--- SOURCE MATERIAL ---
◇ ◇ ◇ ◇ ◇
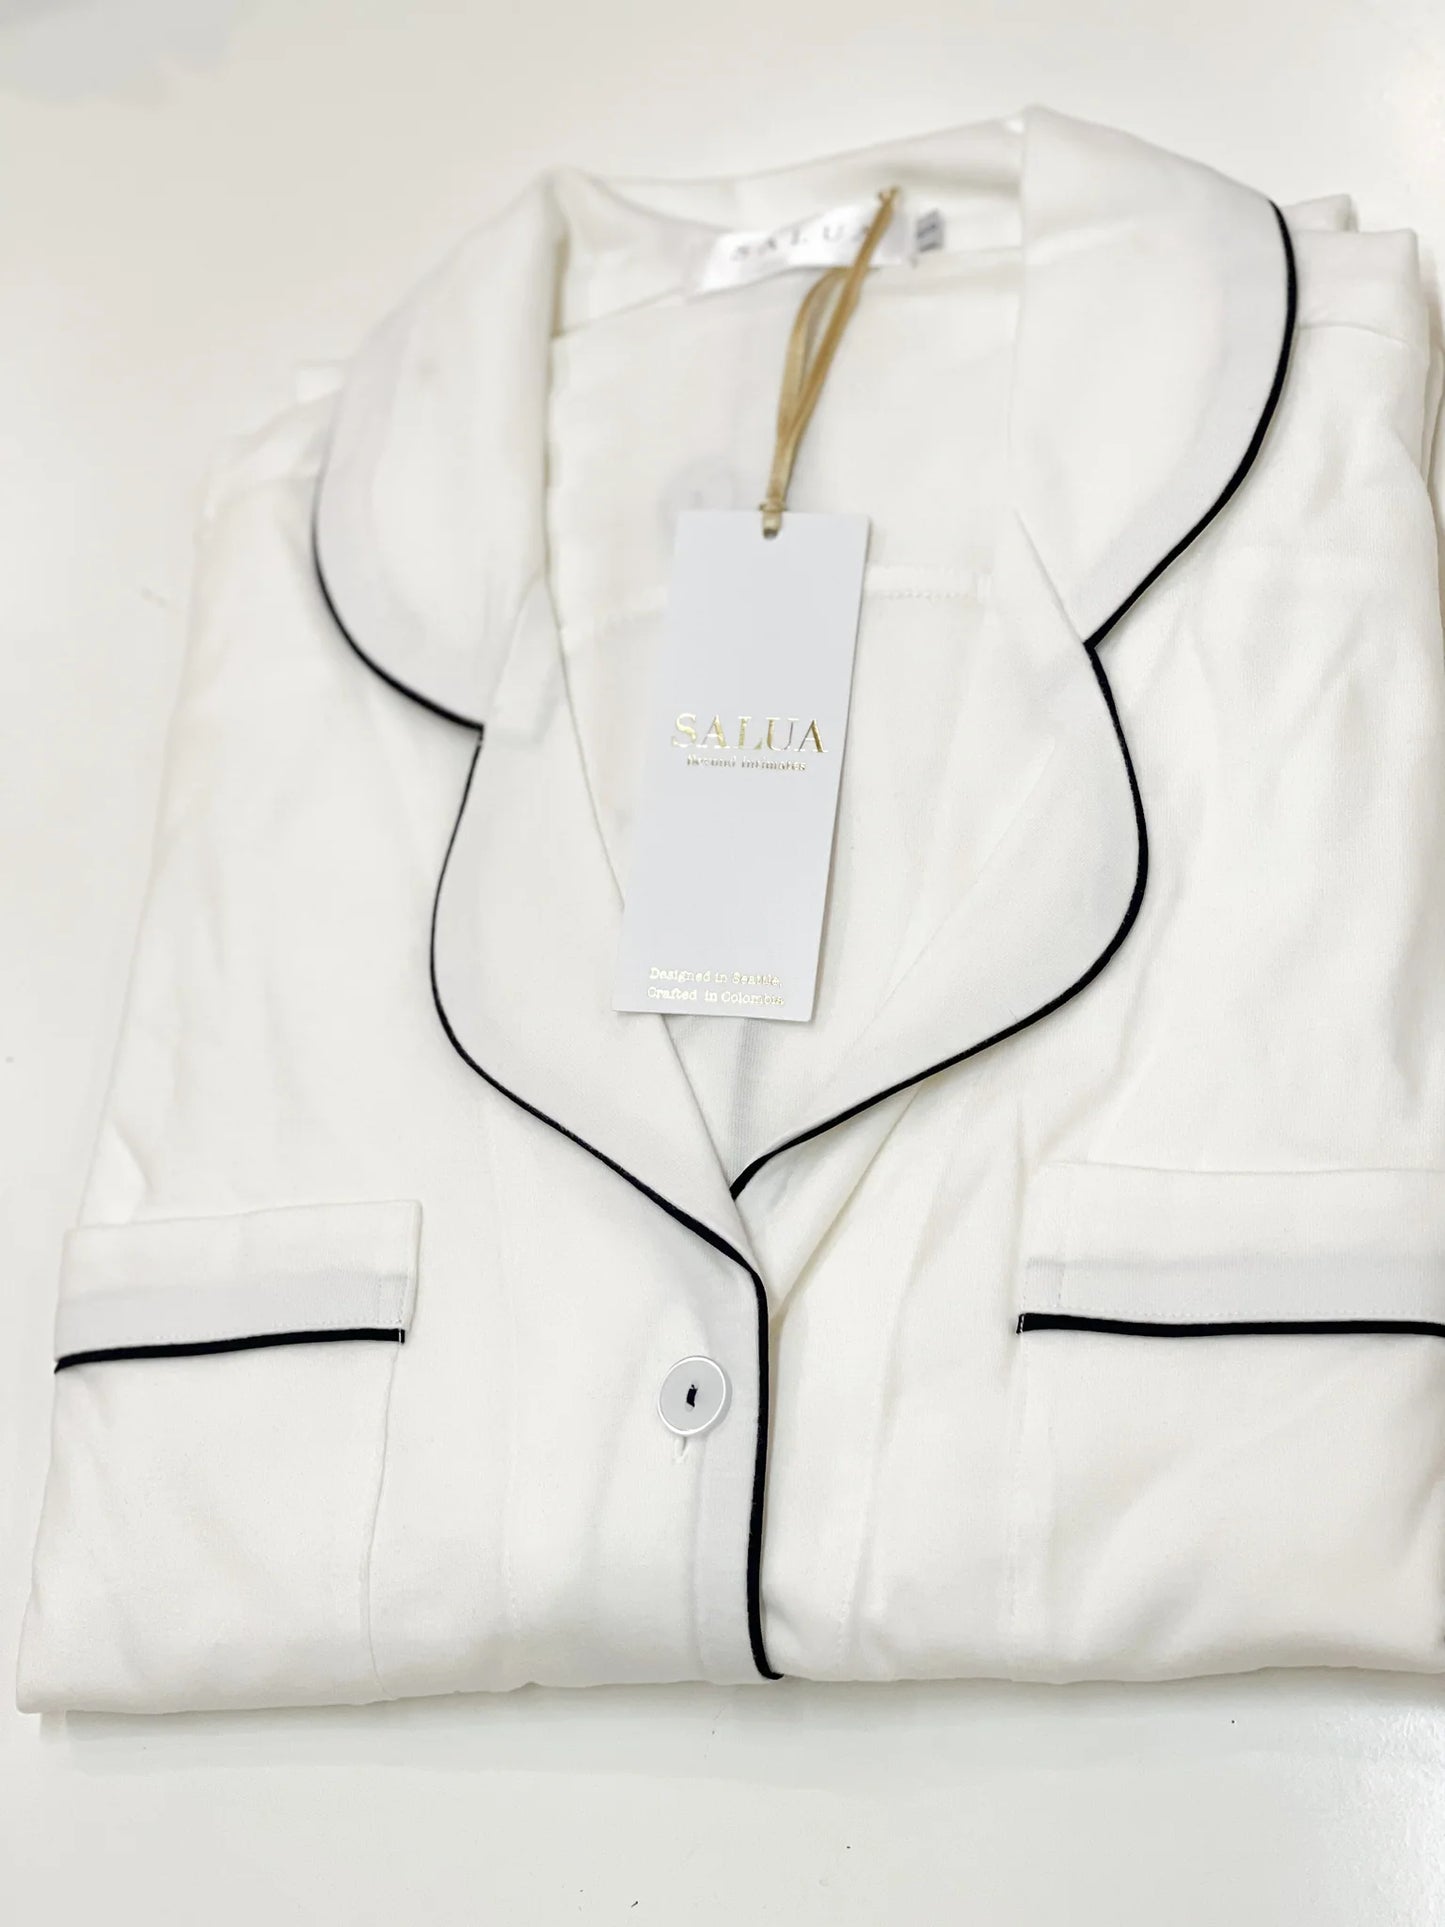 Salua - Sleep Shirt in Brushed Pima Cotton in White w/Navy Details
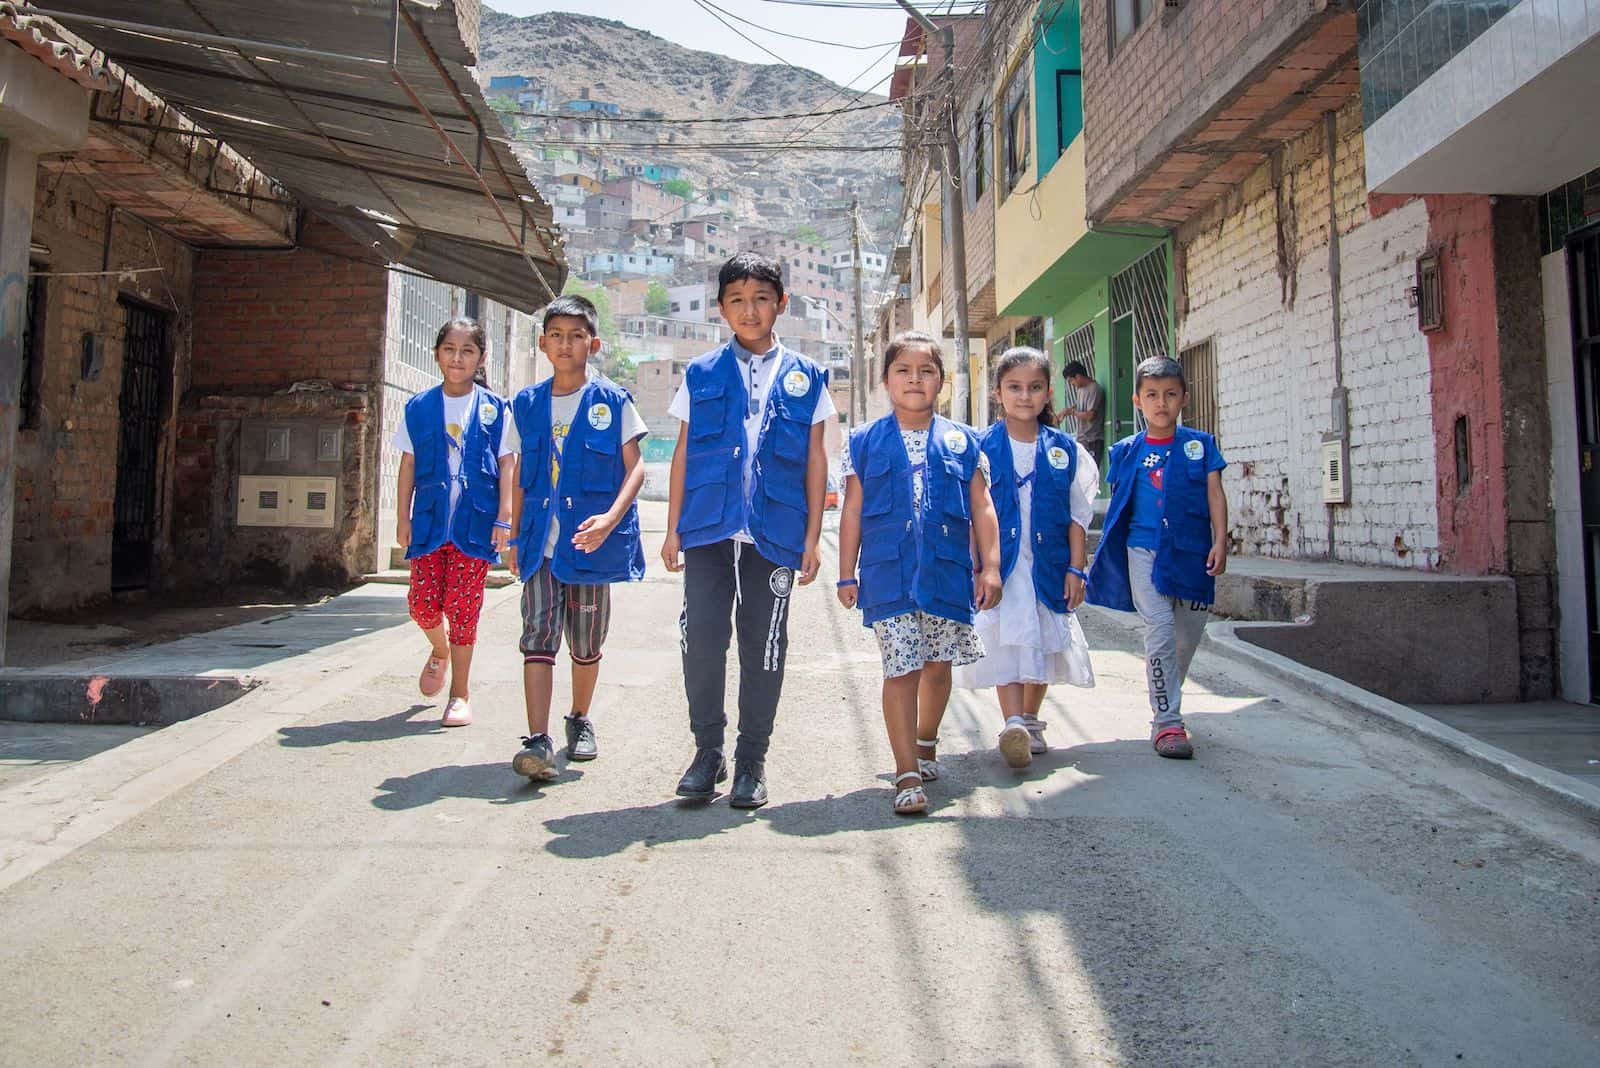 A group of children in blue vests walk down a street in Peru.
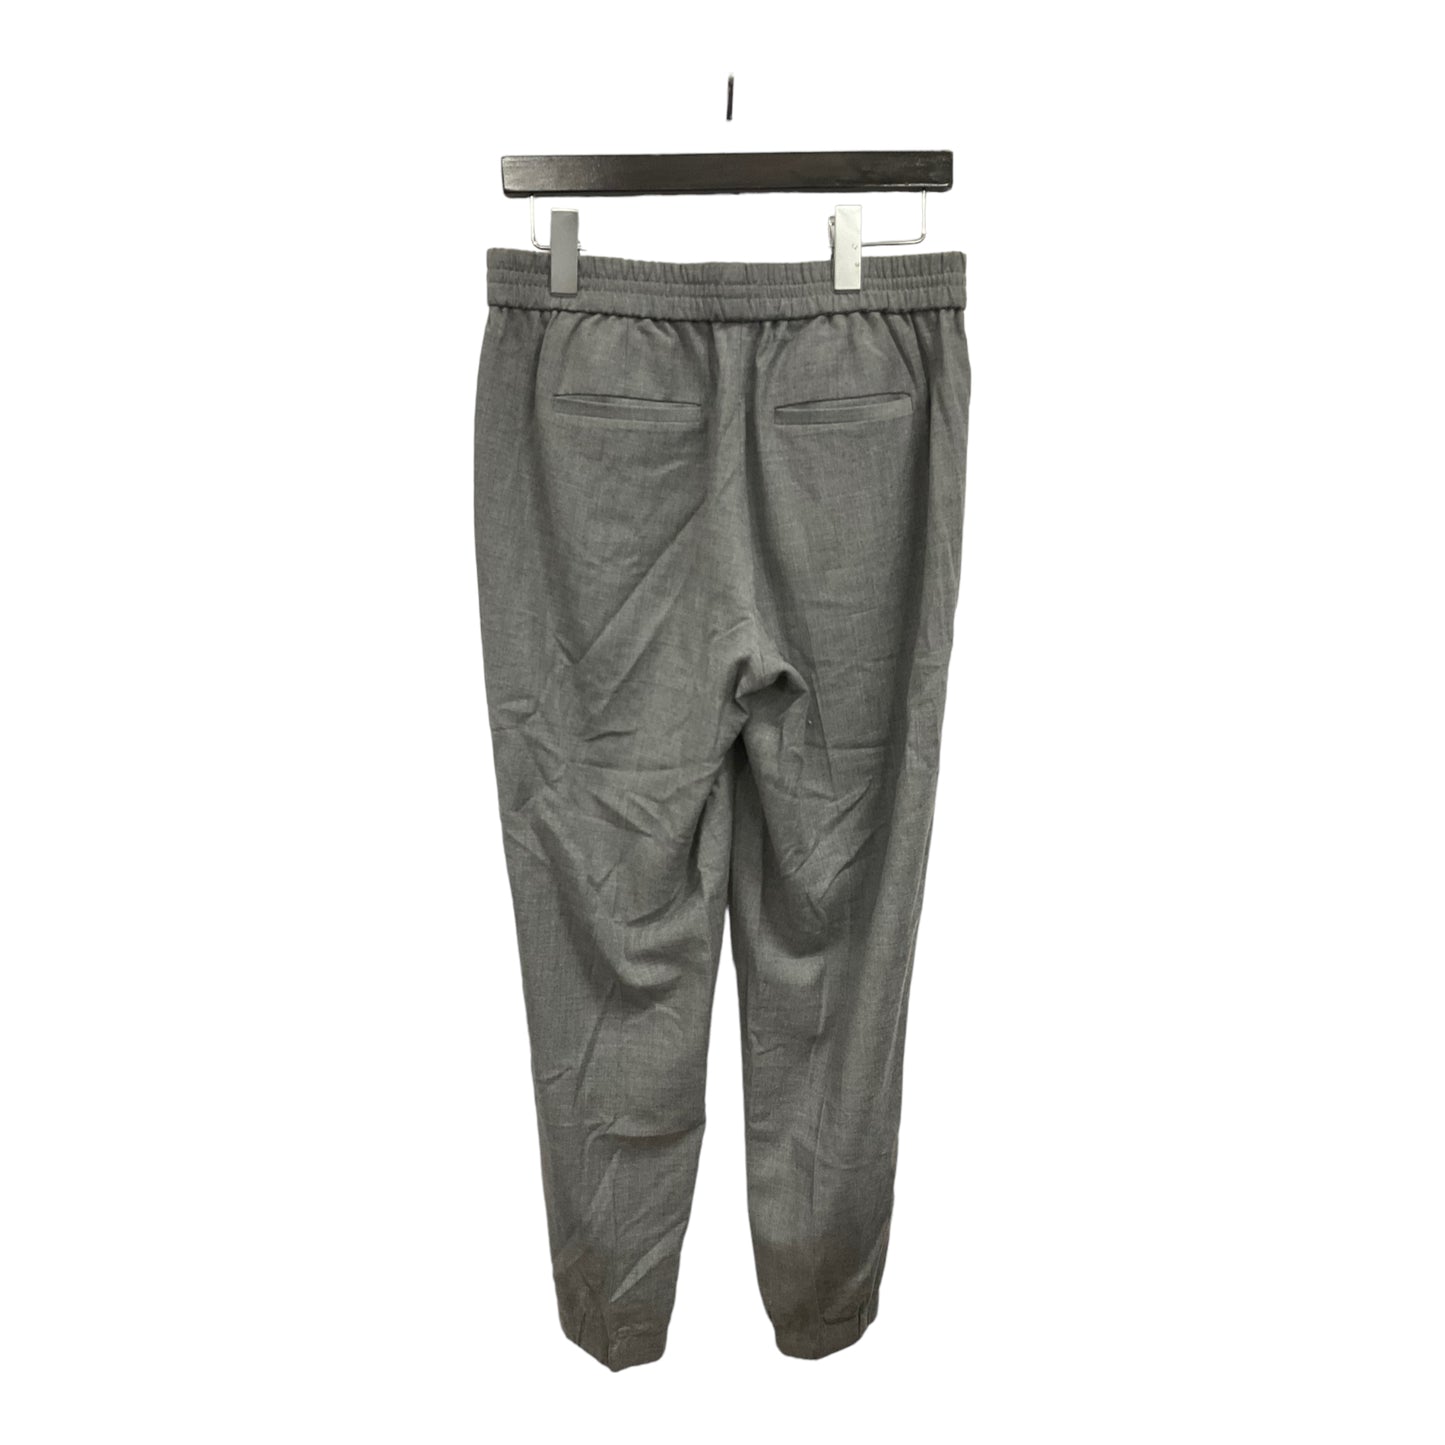 Pants Joggers By J Crew  Size: 6long
◇ ◇ ◇ ◇ ◇
--- AIM OF THE TASK ---
Lines from the one that contains "A group of children" through the last line of the data above are to be extracted exactly, with no pictures and no other lines.

--- YOUR RESPONSE ---
 A group of children in blue vests walk down a street in Peru.
 Pants Joggers By J Crew  Size: 6long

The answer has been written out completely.